Data to use |

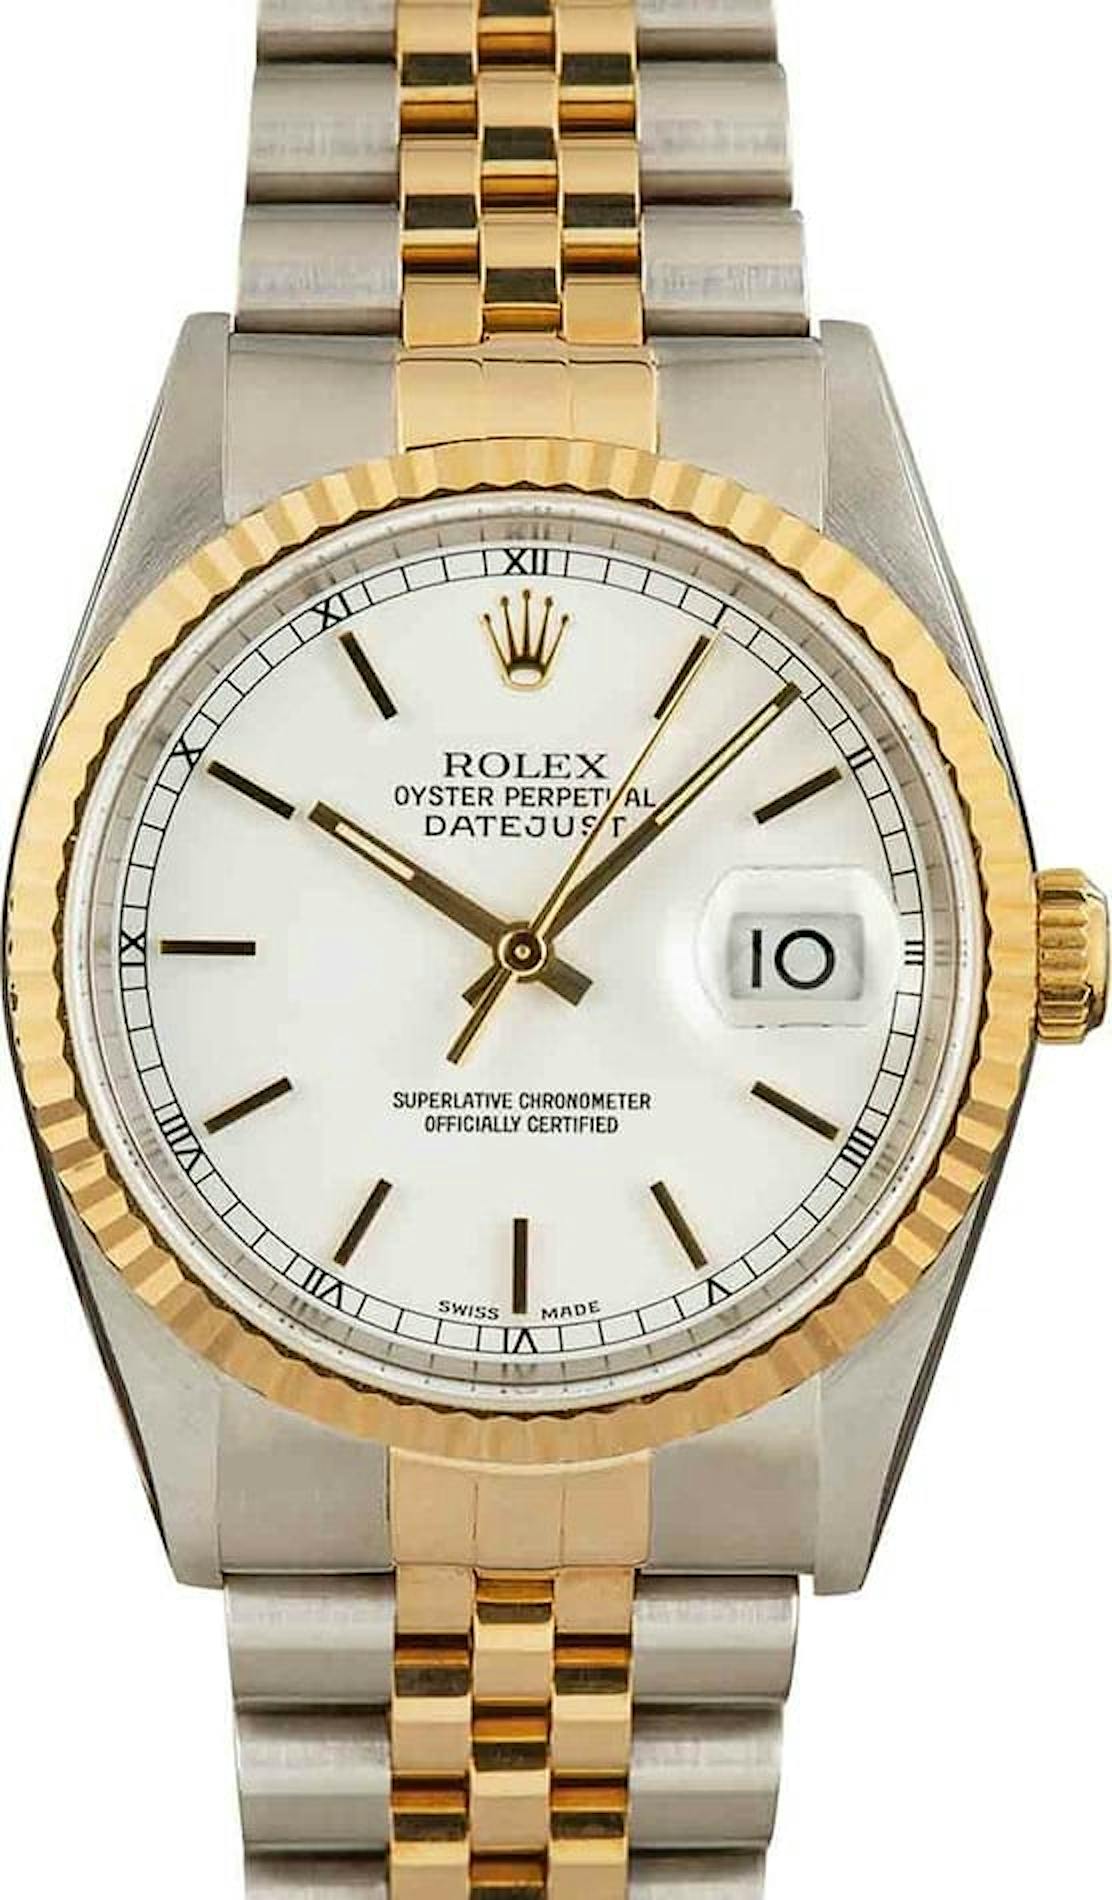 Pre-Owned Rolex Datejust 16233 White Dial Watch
==
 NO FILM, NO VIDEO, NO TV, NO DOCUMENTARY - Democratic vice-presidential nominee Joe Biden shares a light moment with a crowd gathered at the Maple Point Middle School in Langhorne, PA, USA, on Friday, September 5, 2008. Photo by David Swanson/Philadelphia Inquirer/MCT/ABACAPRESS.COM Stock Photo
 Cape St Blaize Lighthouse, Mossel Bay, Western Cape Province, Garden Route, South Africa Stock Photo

Task statement | Each line of the material above that includes the word "Stock" counts once; give the total number alone.

Answer to the problem | 2